Substack, the ballyhooed newsletter platform that has lured prominent writers with the promise of cashing in on their readership, has abandoned fundraising efforts after the venture capital market cooled in recent months. , according to people with knowledge of the decision.
Substack has been in discussions with potential investors in recent months about raising $75 million to $100 million to fund the growth of its business, the people said, who would speak only anonymously because the discussions were private. Some of the fundraising talks valued the company between $750 million and $1 billion, they said.
The move is another sign of the sea change from past years of free-flowing cash for young start-ups, especially hot and consumer-oriented ones like Substack, which has raised at least $86 million in three years. funding rounds, according to PitchBook, which tracks funding.
Investors today are preaching austerity and halting new deals, especially for companies that have spent aggressively on growth with no sign of profit. Although Substack continues to hire, other companies have faced layoffs or lower valuations, some comparing this slowdown in the years following the financial crisis of 2008 or the Internet bubble of 2000.
A Substack spokeswoman, Lulu Cheng Meservey, declined to comment on the company’s finances or any fundraising talks. She said the company remains in growth mode, pointing to a webpage with more than a dozen job postings, including a growth manager.
“My comment is www.substack.com/jobs,” she said.
Investment terms being discussed for Substack would have represented a jump in the company’s valuation, which reportedly hit $650 million last year after the company closed a $65 million funding round with investors. investors, including Andreessen Horowitz.
Substack told investors it had about $9 million in revenue in 2021, people familiar with the fundraising talks said, meaning the talks valued the company at a large premium to its financial results. Such a high valuation for a company with relatively low earnings was more common in the later months of 2021, when the stock market was booming and venture capitalists were more bullish on startups.
The company marketed itself as an alternative to established publishers of news articles, graphic novels and books. Substack says this gives writers a fairer share of the revenue from their work. The company takes a 10% cut of the total revenue paid to writers by subscribers to their newsletters. Stripe, Substack’s payment processor, takes an additional 3%.
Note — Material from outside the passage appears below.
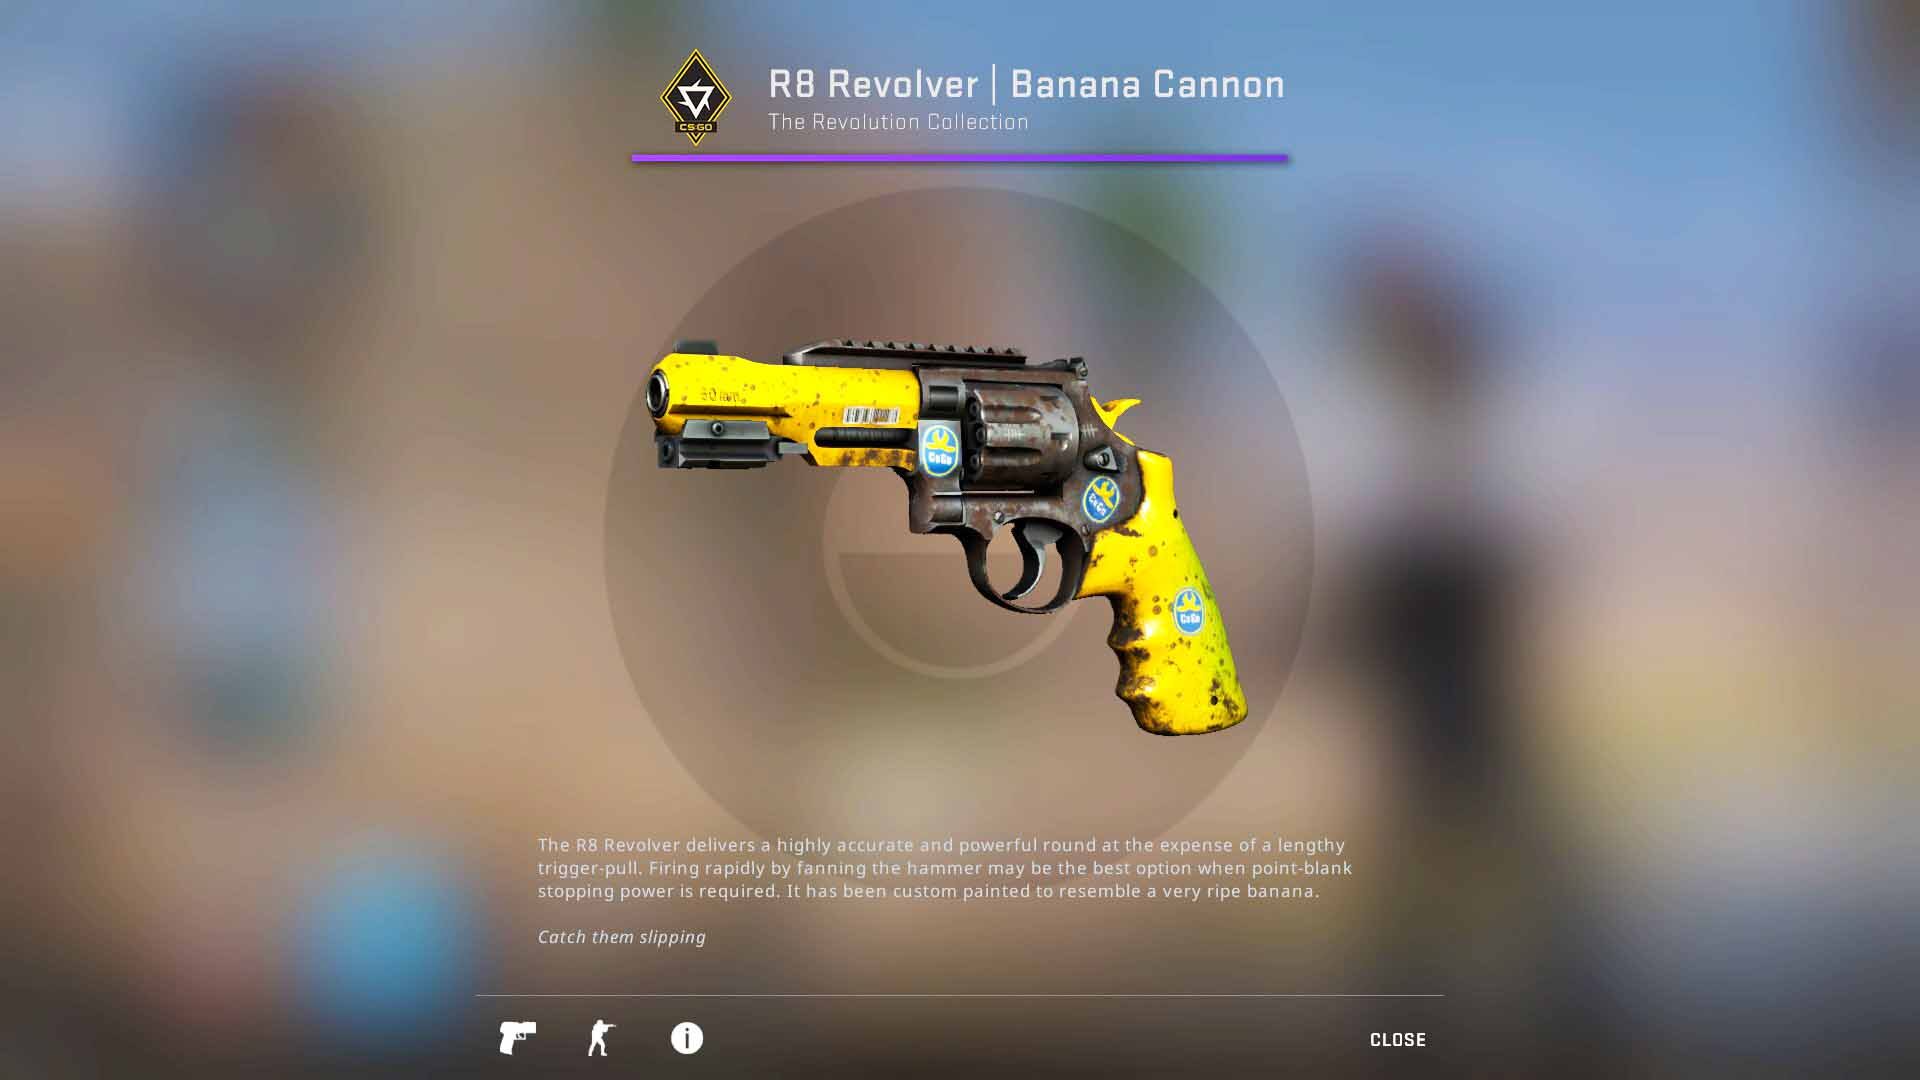 R8 Revolver Banana Cannon, revolution case
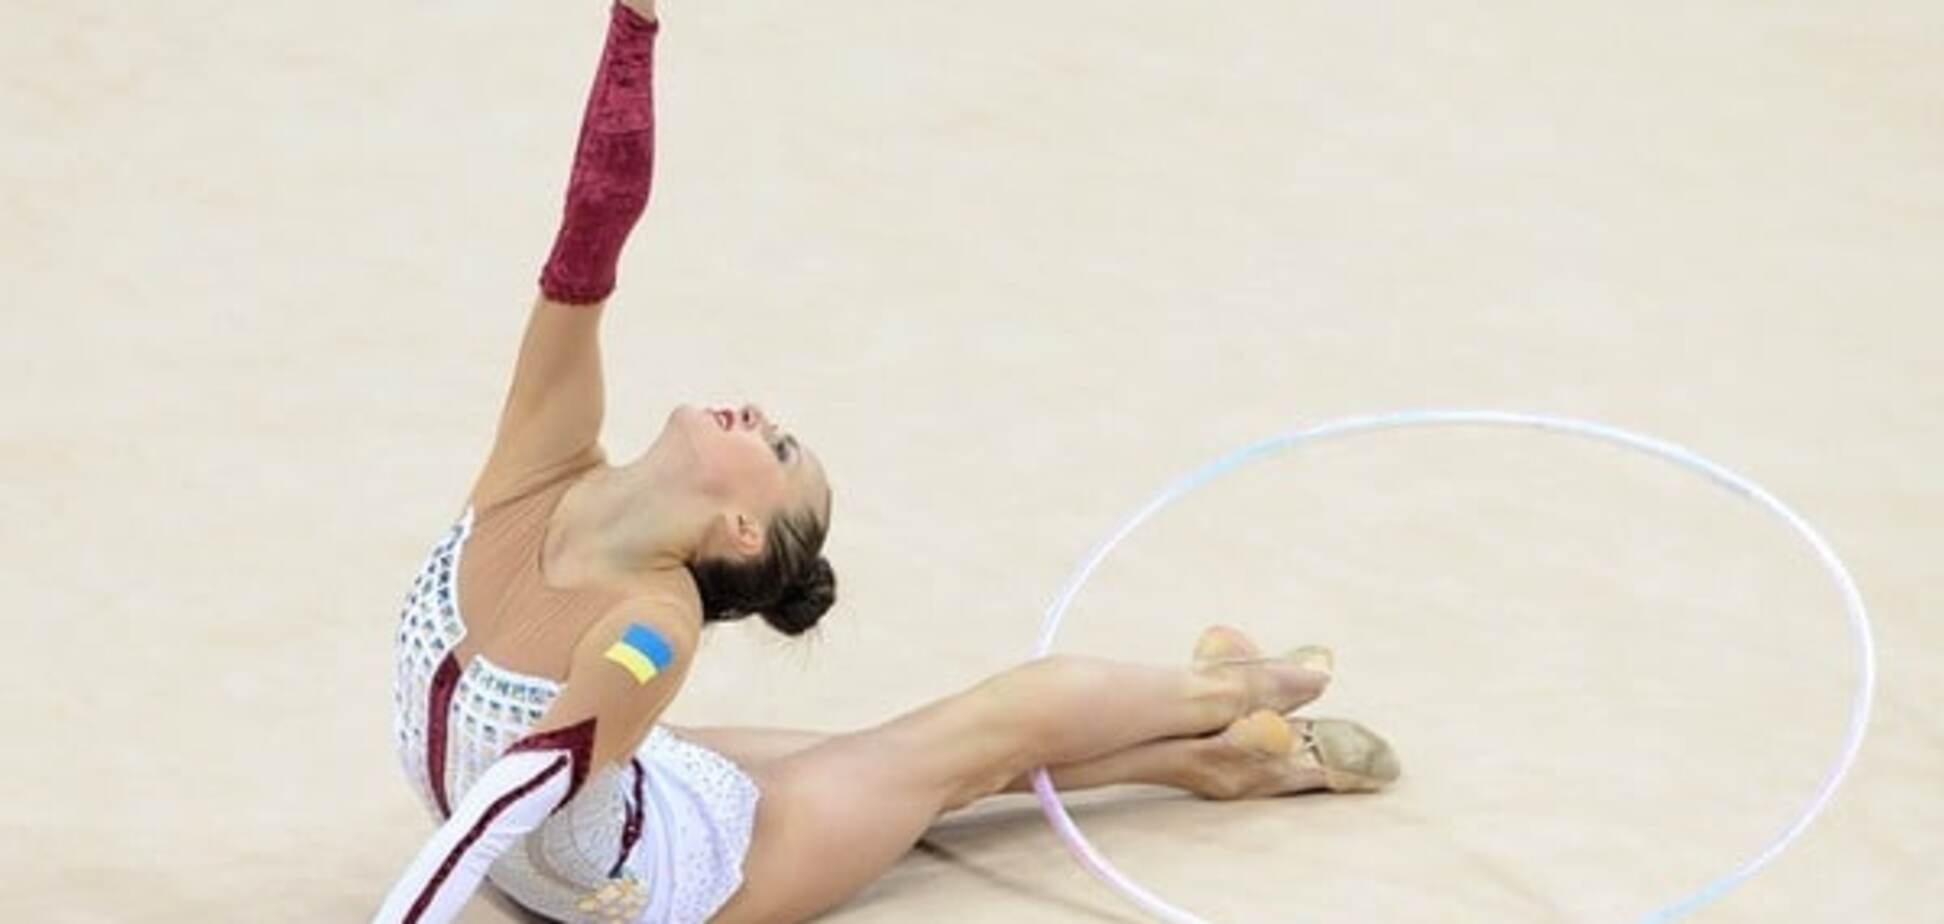 'Медалі улюбленій країні': кримська гімнастка в захваті, що принесла Україні перемогу на Кубку світу

The society appealed to influential writers, including journalists Matthew Yglesias and Glenn Greenwald, and American history professor Heather Cox Richardson. Company executives said more than a million people pay to subscribe to newsletters on its platform, and users pay more than $20 million a year to subscribe to the top 10 writers. from Substack.
But some writers initially won over by Substack’s pitch eventually decided to leave the platform, preferring to woo their audience directly without paying their share to the company. Others were disappointed with the company’s hands-off approach to moderating content on the platform. Last month, The New York Times reported that some newsletter writers were exploring alternatives like Ghost, a platform that provides similar services to Substack. Ghost’s open-source publishing platform does not moderate content, but its paid hosting service has certain restrictions for content that calls for violence or breaks the law.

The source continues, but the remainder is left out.